一方、「観察者」となるクラスは、主題からの通知を受け取るための共通の規約(インターフェース)を実装する。そして、通知が来た際には、自分自身の必要な処理(例えば、通知メッセージを画面に表示したり、関連するデータを更新したり)を実行する。このパターンの大きな利点は、主題がどの観察者が監視しているかを具体的に知る必要がない点だ。主題は単に「通知すべきイベントが発生した」という事実を、登録されているすべての観察者に伝えるだけで良い。観察者側も、主題の状態変化を自分で定期的に確認する手間が省け、通知が来たら必要なアクションを起こすことができる。これにより、システム全体の柔軟性が高まり、主題と観察者の間の結合度が低くなるため、どちらか一方を変更しても、もう一方に与える影響が少ないというメリットがある。例えば、新しい通知方法(例えば、LINE通知)を追加したい場合でも、新しい観察者クラスを作成して登録するだけで、既存の主題側のコードには手を加える必要がない。

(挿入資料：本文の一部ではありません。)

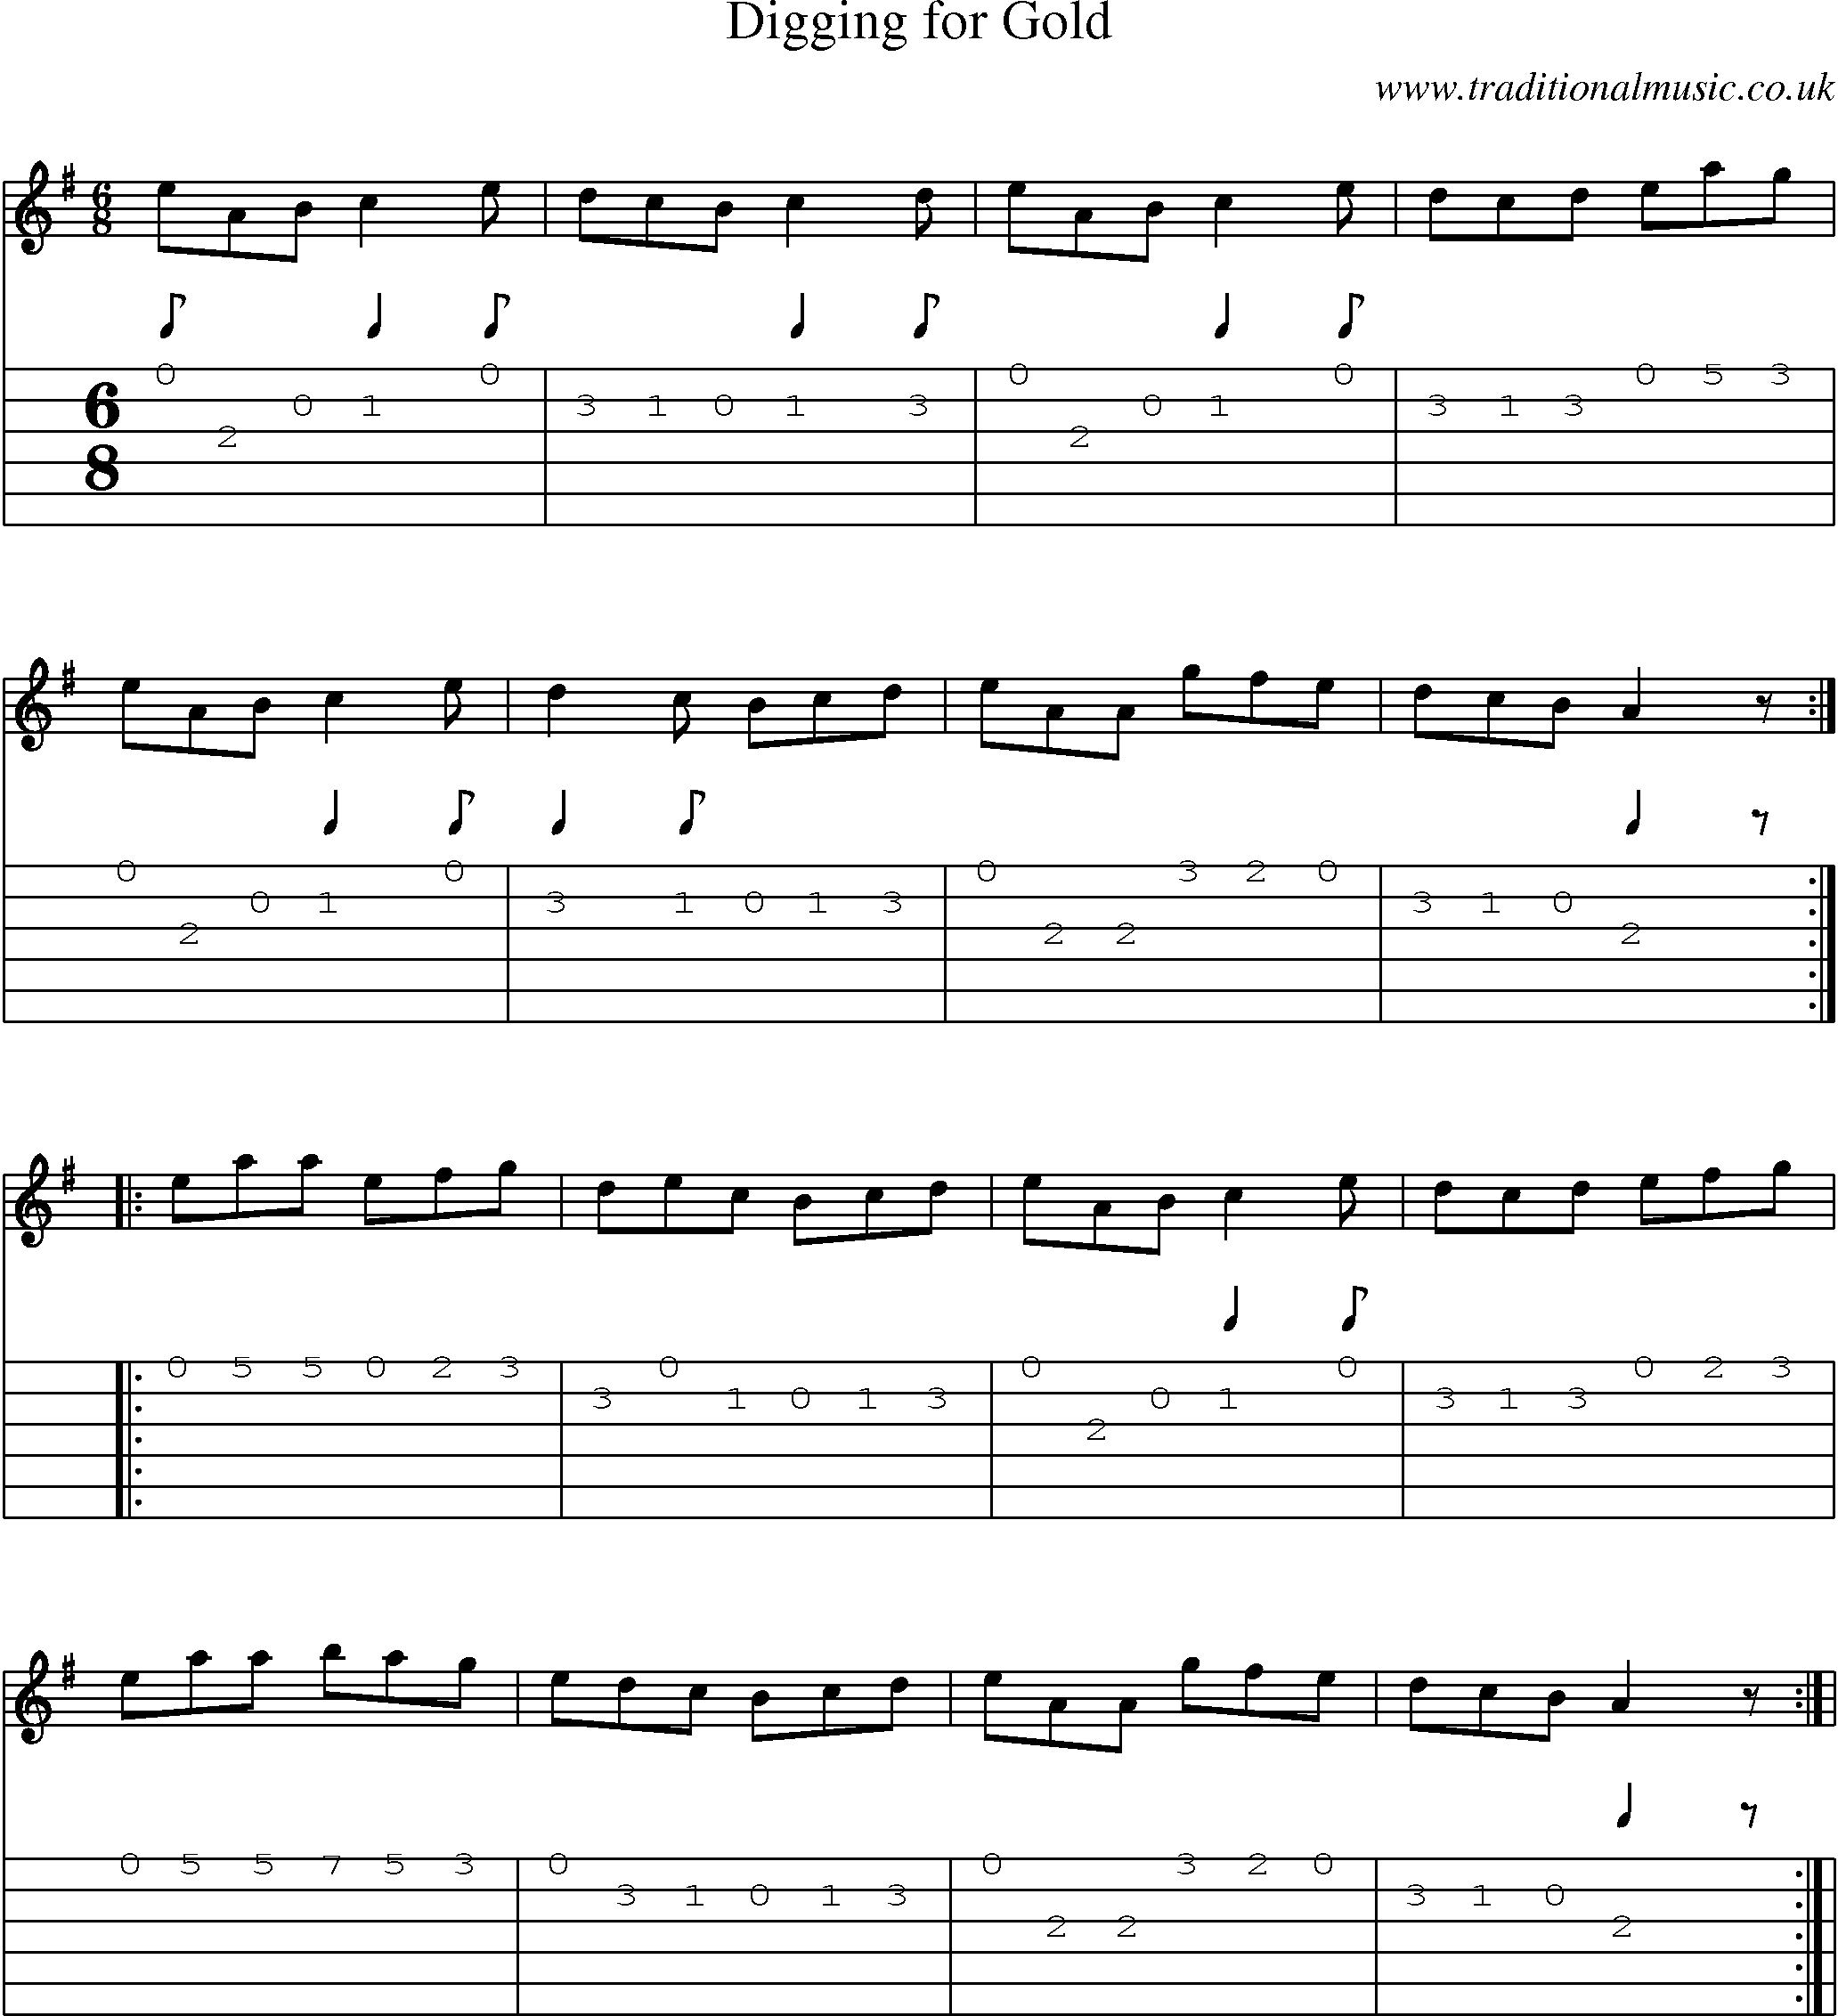 Music Score and Guitar Tabs for Digging For Gold

これらのデザインパターンや設計原則は、単にプログラミングの技術的な側面だけでなく、ソフトウェア開発における「なぜそのように設計するのか」という意図や、長期的な視点での品質を保証するための重要な考え方を提供してくれる。システムエンジニアを目指す上で、これらの基本的な知識を習得し、実践で活用していくことは、より良い設計思想を理解し、複雑な問題を効率的かつ堅牢に解決する能力を養う上で不可欠なステップとなるだろう。